『ドラマー永井利光 自叙伝 夢の途中に』著者インタビュー
ドラマー 永井利光は、なぜ“サポート”を貫くのか? 氷室京介、GLAYらのビート支えた音楽人生
ワクワクすることをいつまでもやっていたい
ーー永井さんはドラムクリニックを通じて、若い世代の方々に直接ドラムを教える活動もされています。若いドラマーたちと接してみて感じることはありますか。
永井:親に勧められてドラムを始める子も多いみたいです。俺らの場合は親の目を隠れて練習してたんで、本当に好きじゃないとできなかった。もしかしたら今は自分から何かを好きになることが、全てにおいて少ないのかなとも思います。そういう子たちに対してどう教えていくのか、興味を持たせるのか、というのもまた俺の課題です。
ーー永井さんが彼らと同じ年の頃との違いは?
永井:俺は貪欲だったからライブを観に行ったり、ドラムを教えてもらいに行ったり、自分からどんどん動いていましたね。今でも自分ができないことができる後輩には「教えて」と言いに行くし、彼らに面白いYouTubeを教えてもらったりしています。そういう積極性のある子はあんまり見受けられないかもしれません。彼らに責任はなにもないですが、これからの音楽業界やミュージシャンはどうなっていくんだろう? という不安はあったりします。もっと俺も考えつかないようなドラムを叩いてほしいし、進化した音楽や新しいジャンルを作り上げてほしい。そのために俺らが培ってきた基本的なルールは、彼らに伝えていきたいと考えています。俺もいずれいなくなるだろうし、叩けなくなるかもしれない。でも、進化していく音楽の世界でずーっと繋がっていく、一つの部品になれれば良いと思っていて。“Toshi Nagaiのドラムワールド”みたいな、ちっちゃい世界を作っても全然つまらないから。

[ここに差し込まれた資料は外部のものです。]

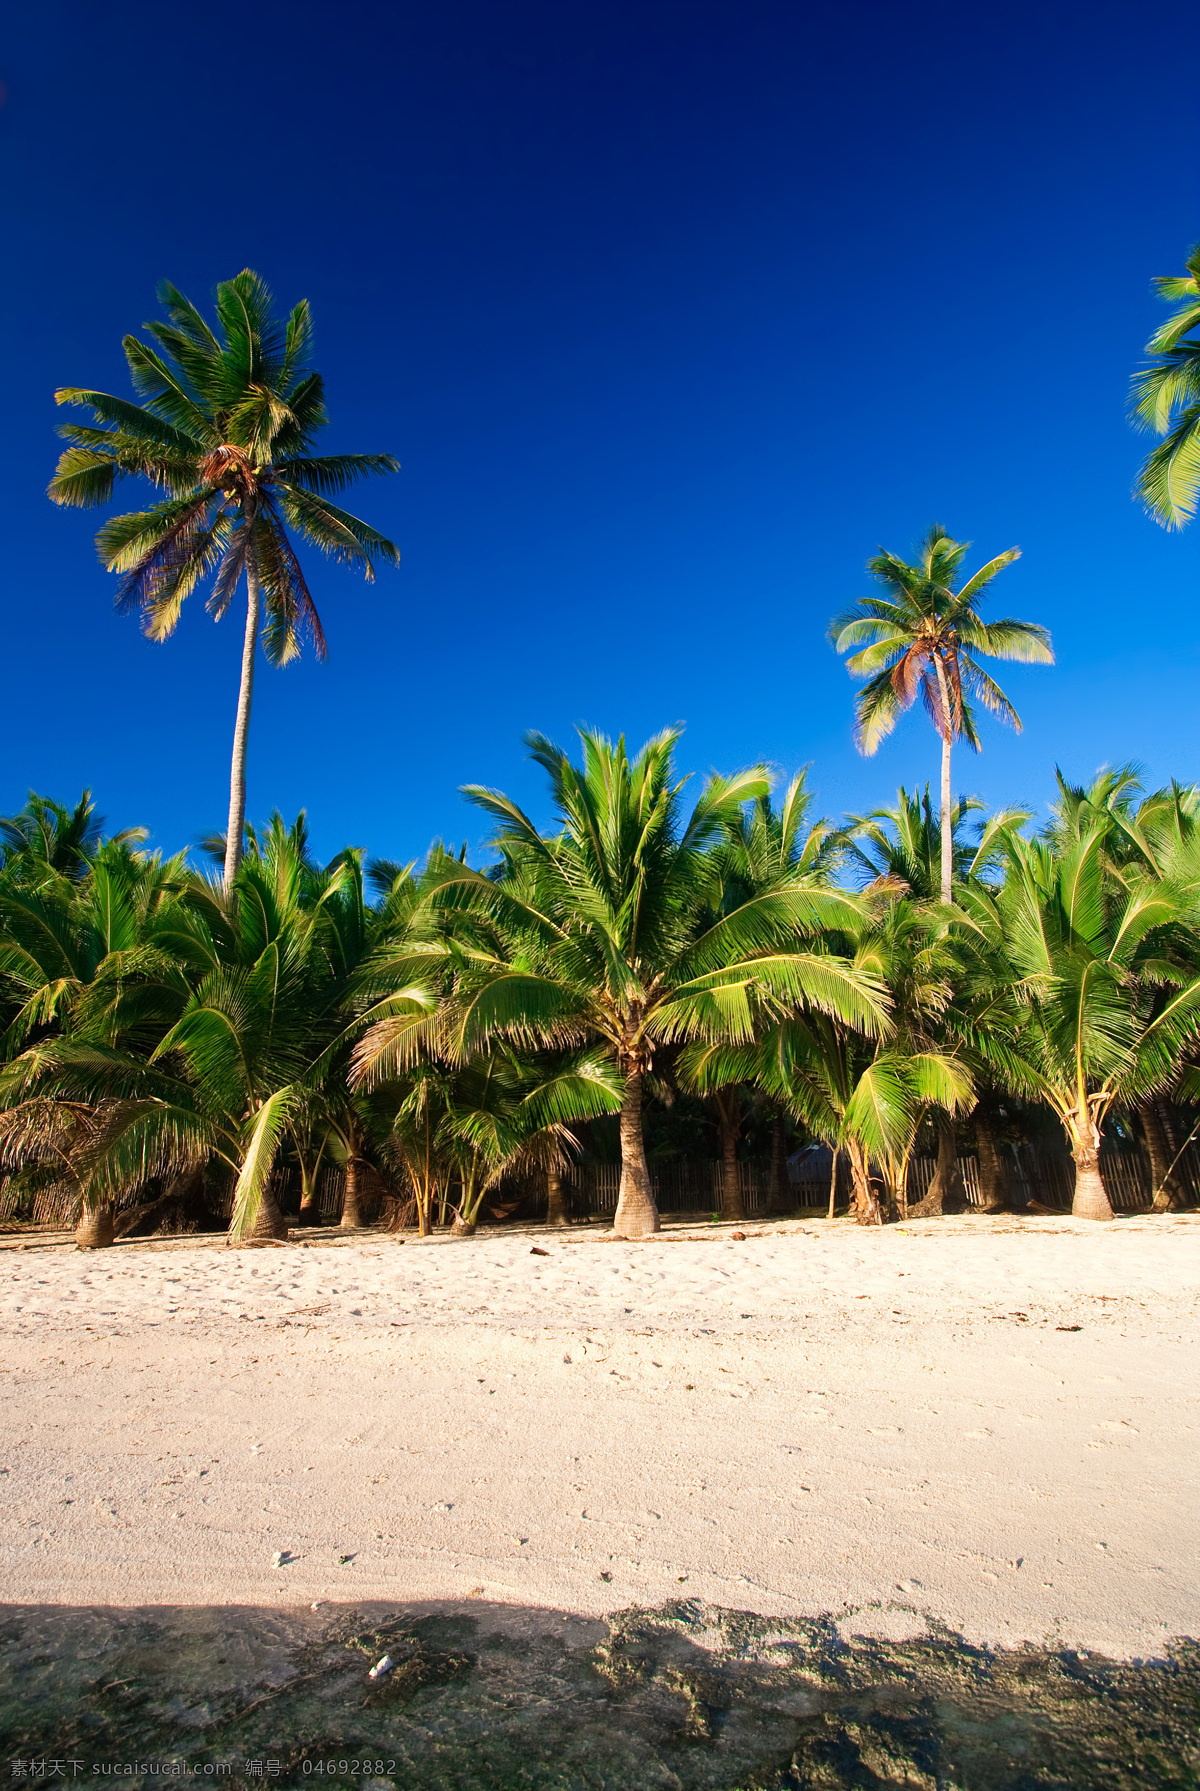 菲律宾 锡 亚 高岛 度假旅游 度假 旅游 冲浪圣地 海水 蓝色 清澈 蓝天白云 椰树 棕榈树 沙滩 海边 自然风景 旅游摄影

ーーそのスタンスこそが、バンドではなくソロで活動してきたことに繋がっているのでは。
永井:でしょうね。一つのバンドに入るのは結婚するみたいに「一生一緒に音楽やるぜ」っていう気持ちがないとやっぱり無理だと思うんです。それがGLAYにないとか、他のバンドにないわけではなくて、自分にそれだけの覚悟ができなかった。「俺やっぱりジャズやりたいから辞めたい! 離婚させてください」っていうのはあまりにも身勝手だなと思うし。まだまだいろいろな音楽をやりたかったから、フリーでいたのかもしれません。

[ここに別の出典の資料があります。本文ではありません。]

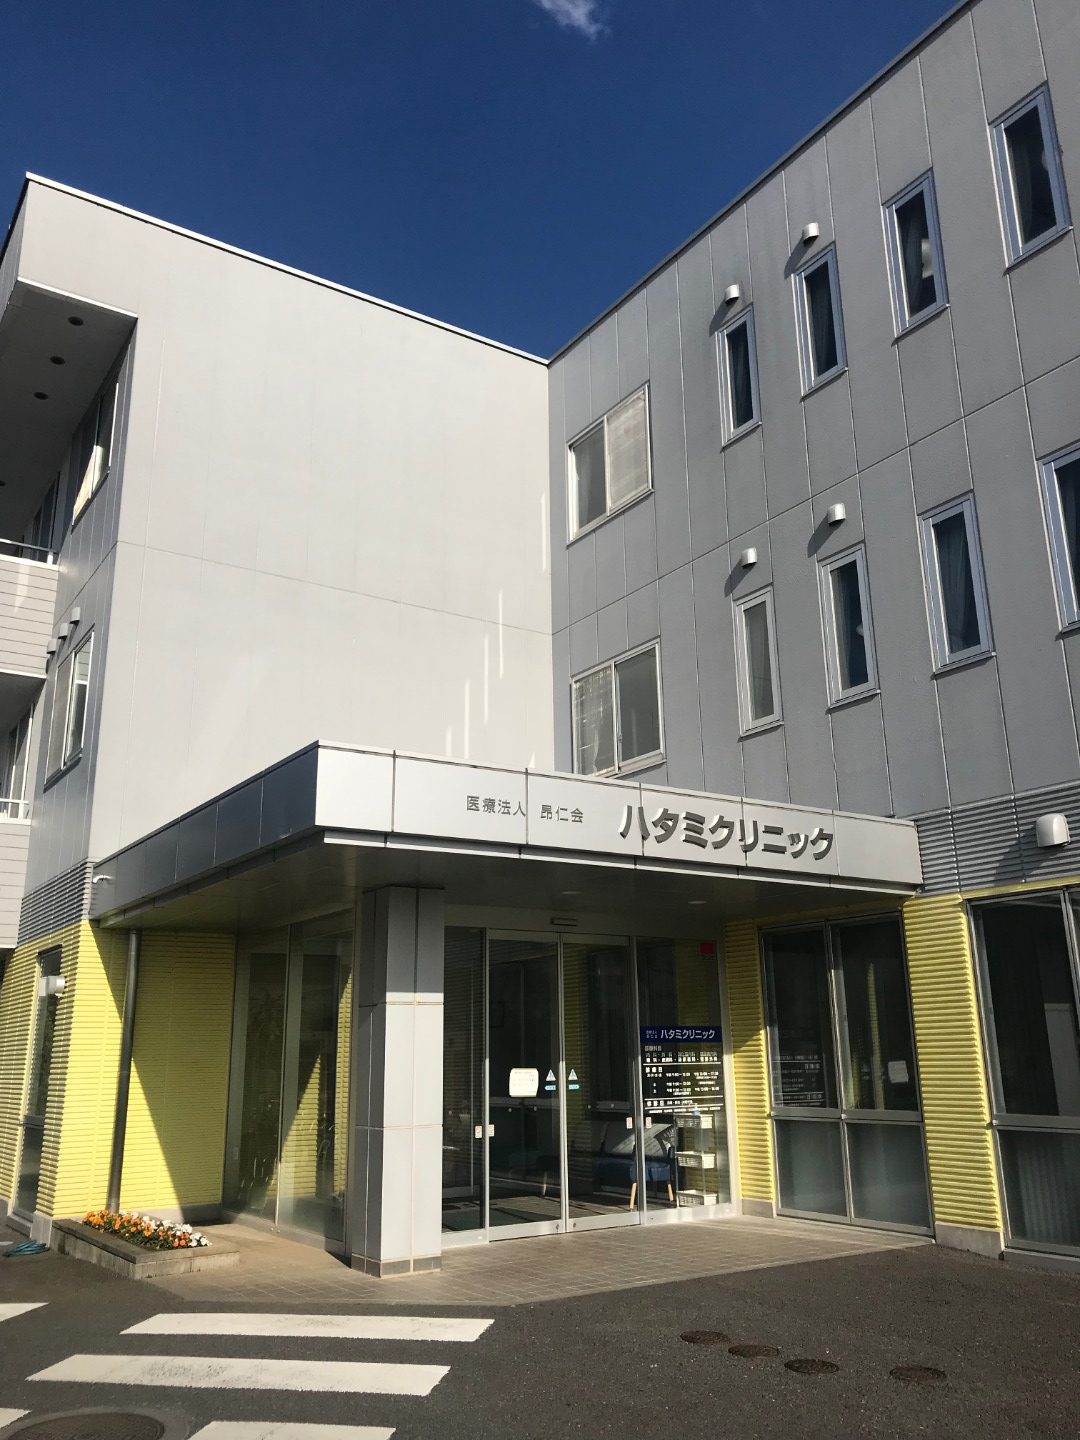 ハタミクリニック 鉾田市 内科 眼科 介護老人保健施設

ーー永井さんのようなポジション、存在でご活躍されている方はなかなかいないですよね。
永井:俯瞰して見ると、氷室さんとGLAYという2大ロックスターのサポートを長くやっているのに、今やりたいのはジャズとか言ってるし、自分でも何なんだこいつって思うことはあります(笑)。でもそれは、ワクワクすることをいつまでもやっていたいからなんだと思うんです。
ーー常に更新されていく永井さんの姿があるから、GLAYのようにアーティストのみなさんも長く付き合っていきたいと感じるのでは。
永井:俺も飽きさせないドラマーでいようと思っているし、GLAYのみんなも停滞しないように、「もっと違う音楽を」と常に考えているので、同じスピードで歩んで来れているんです。TAKUROくんも5年くらい前から、ギターが上手くなりたいというところから始まってジャズにハマったり。今年はTAKUROくんのソロ活動で一緒にジャズをやることもできた。面白いですよね。
ーーでは最後に、どういう方々にこの本を届けたいですか。
永井:若いミュージシャンには是非読んでほしいですね。俺だけじゃなくて、この本に書いてあるような体験をしている人は他にもいると思う。共感できる部分があるはずだし、今不安を持っている人には自信を与えることができるはず。あとは、GLAYのファンだけど俺のことはあまり知らない人に、「Toshiさんってこういう人だったんだ」と思って読んでもらいたいですね。氷室さんのファンの方もそうですし。氷室さんとのエピソードにもふれてますし、今まで俺が一緒に後ろで叩かせてもらっていた理由もよくわかっていただけると思います。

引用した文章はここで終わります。